I'm seeing normal (~20-minute) run times with MAX_TRACKS_PER_PIXEL = 50 and MAX_ADC_VALUES = 30, although I've disabled the warning printout, as it was really spammy and may have contributed to the slowdown you reported. I also can't see how any of this is related to the light simulation.

YifanC commented 4 months ago

Yea.. I guess the print out was not a good idea = = In fact, with the print out, with MAX_TRACKS_PER_PIXEL = 20 and MAX_ADC_VALUES = 20 it would jam the run. Shall we do a silent kill (remove the print out completely) and maybe even set it to MAX_TRACKS_PER_PIXEL = 80 and MAX_ADC_VALUES = 30 if the memory withhold

mjkramer commented 4 months ago

It's still good to have a warning. I've moved the printing outside the kernel. Will see what happens with MAX_TRACKS_PER_PIXEL = 80.

mjkramer commented 4 months ago

Is there any evidence that MAX_TRACKS_PER_PIXEL of 80 preserves significantly more information than 50? In both cases I just see one spill (per module) producing a warning. However, going from 50 to 80 increases the run time from 23 to 28 minutes. I didn't see a substantial difference in peak GPU memory usage (~77GB by eye in both cases... scary).

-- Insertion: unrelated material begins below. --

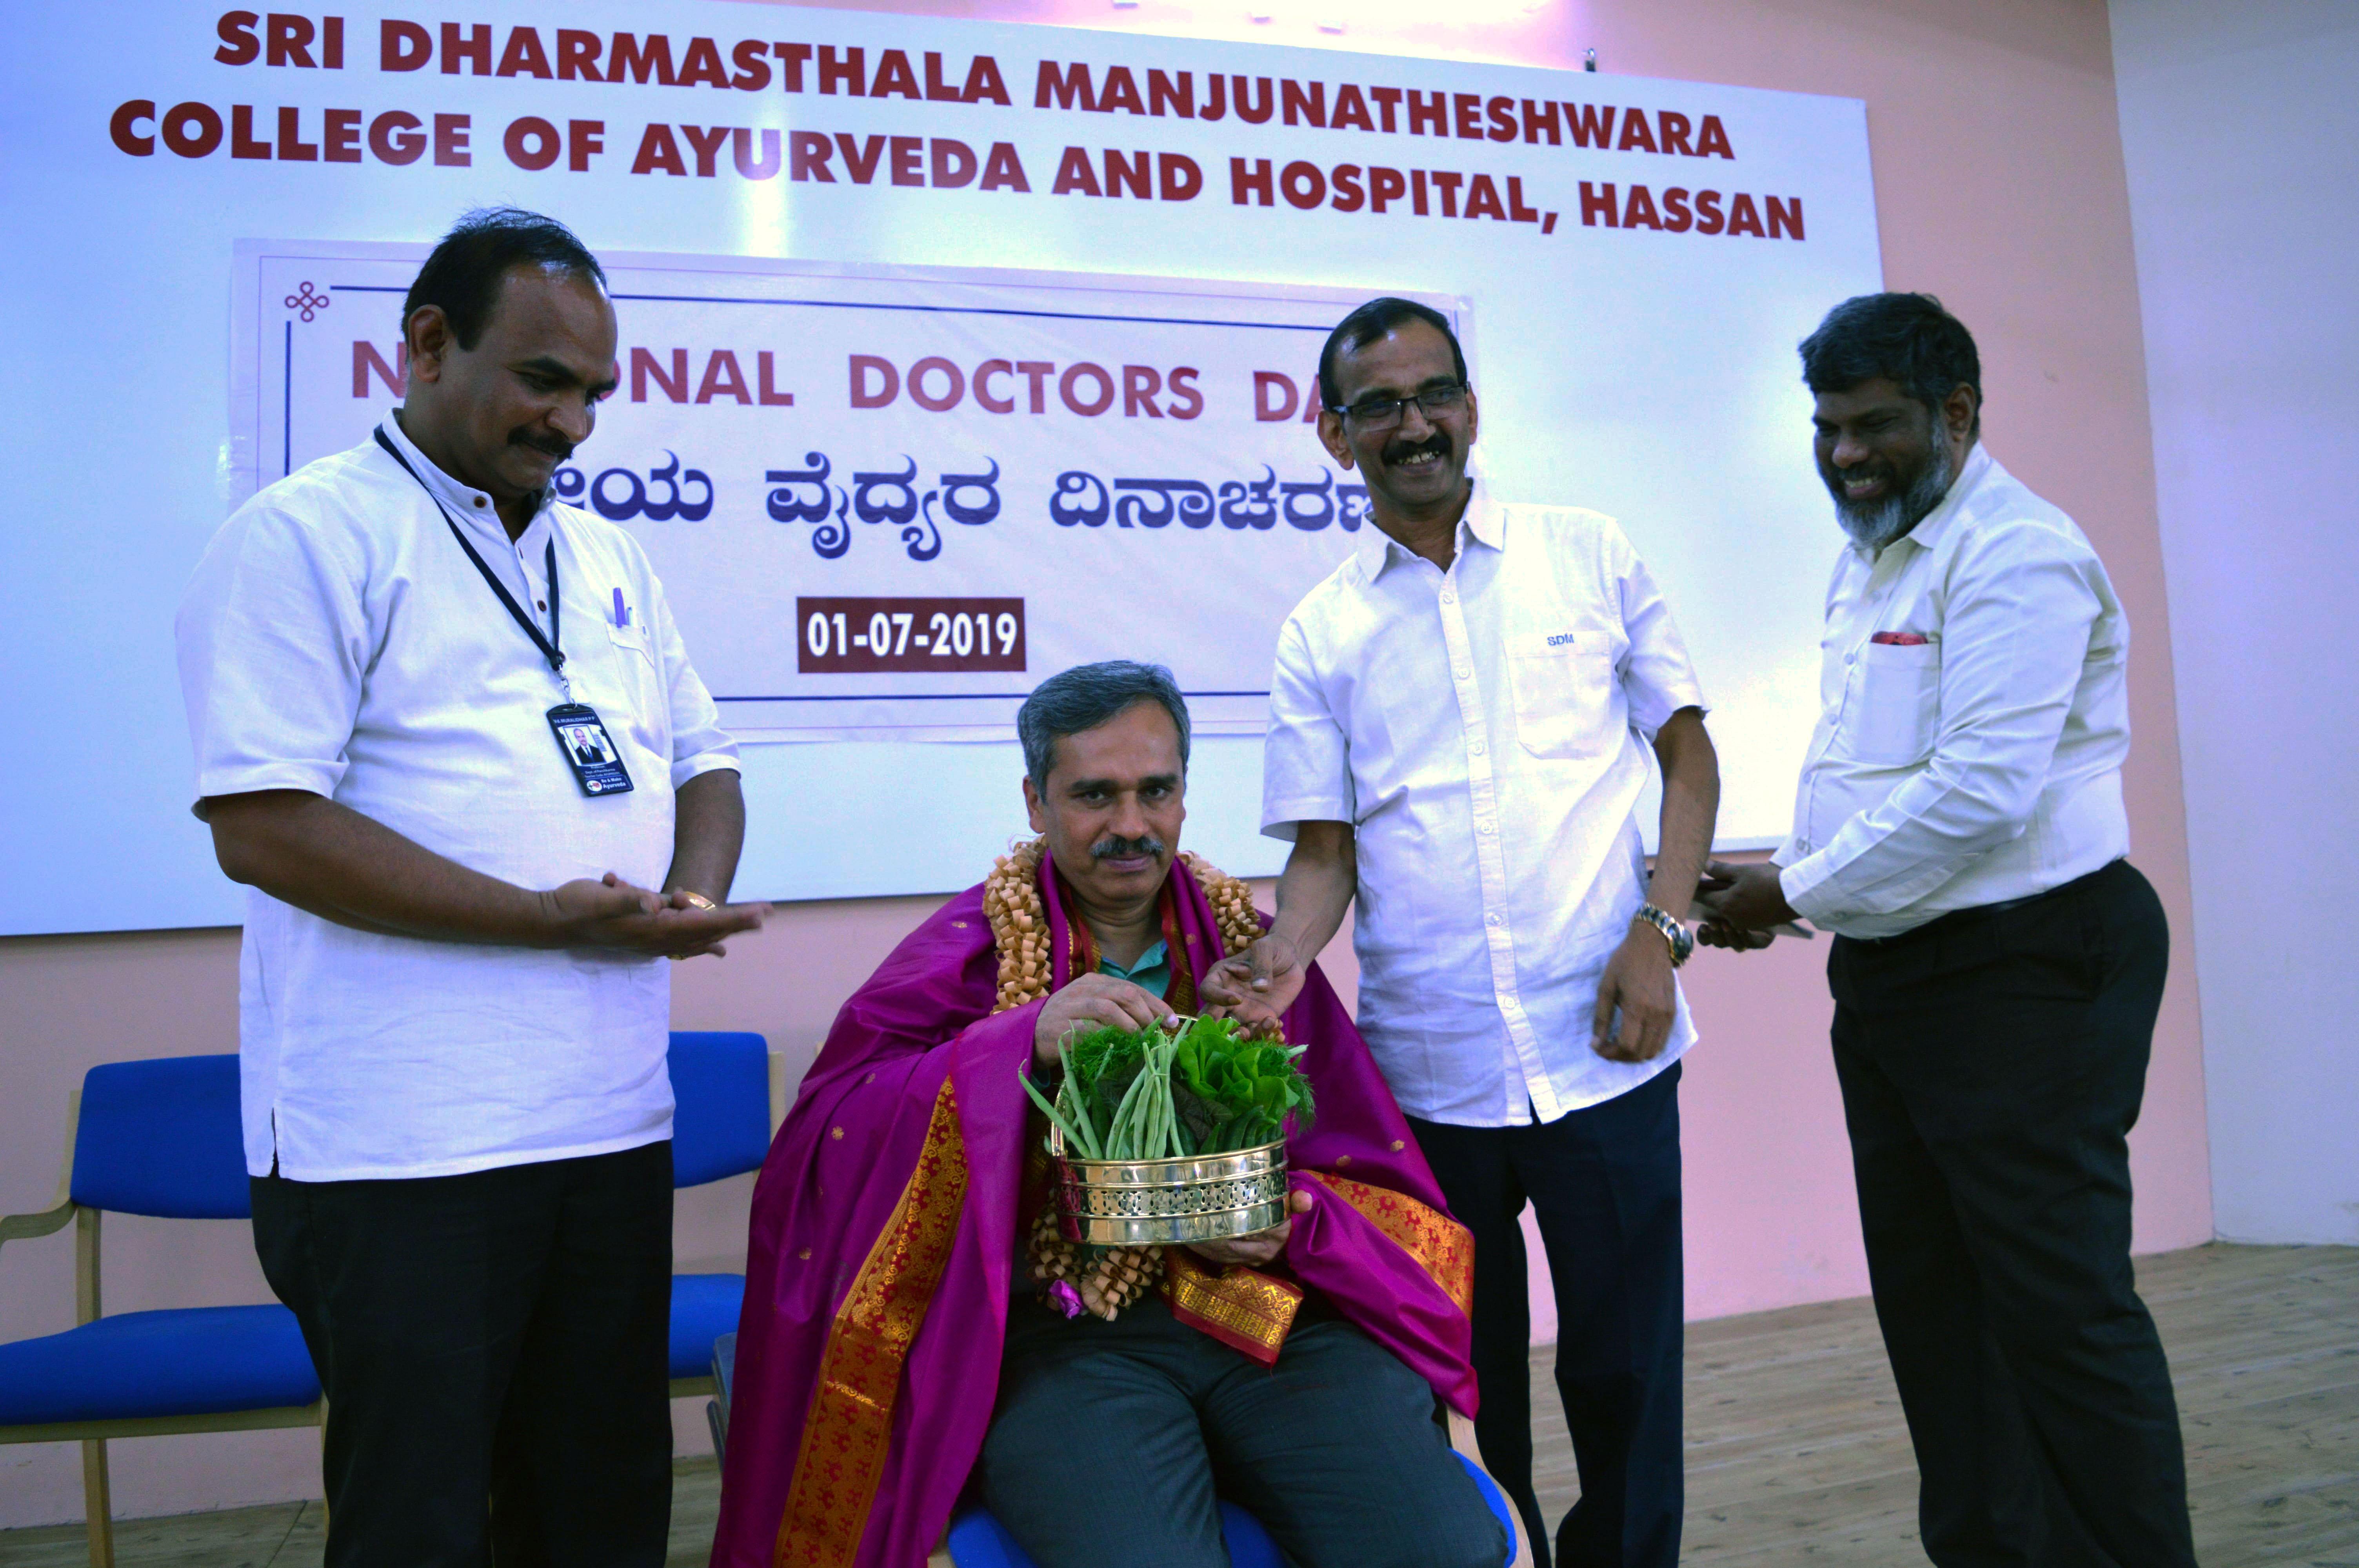 Felicitation to Dr. Krishnamurthy VR-min

YifanC commented 4 months ago

With MR5 0666, I have seen multiple incidences that it's above 50 contributors despite my initial warning wasn't ideal. I think 77GB memory usage is on the edge... and has huge limitation on which GPU you can run on. (Although when I tested I was using a 40GB memory A100... but I didn't actively monitor the memory use) How much is the memory usage for MAX_TRACKS_PER_PIXEL = 20 and MAX_ADC_VALUES = 20? Probably bump it from MAX_TRACKS_PER_PIXEL from 50 to 80 is unnecessary. The question is whether we keep it at a lower number.

YifanC commented 4 months ago

@mjkramer Are you okay to merge this in develop?

mjkramer commented 4 months ago

I see no difference in run time (24 minutes) or GPU memory (51 GB) between (20, 20) and (50, 30) for MAX_TRACKS_PER_PIXEL and MAX_ADC_VALUES.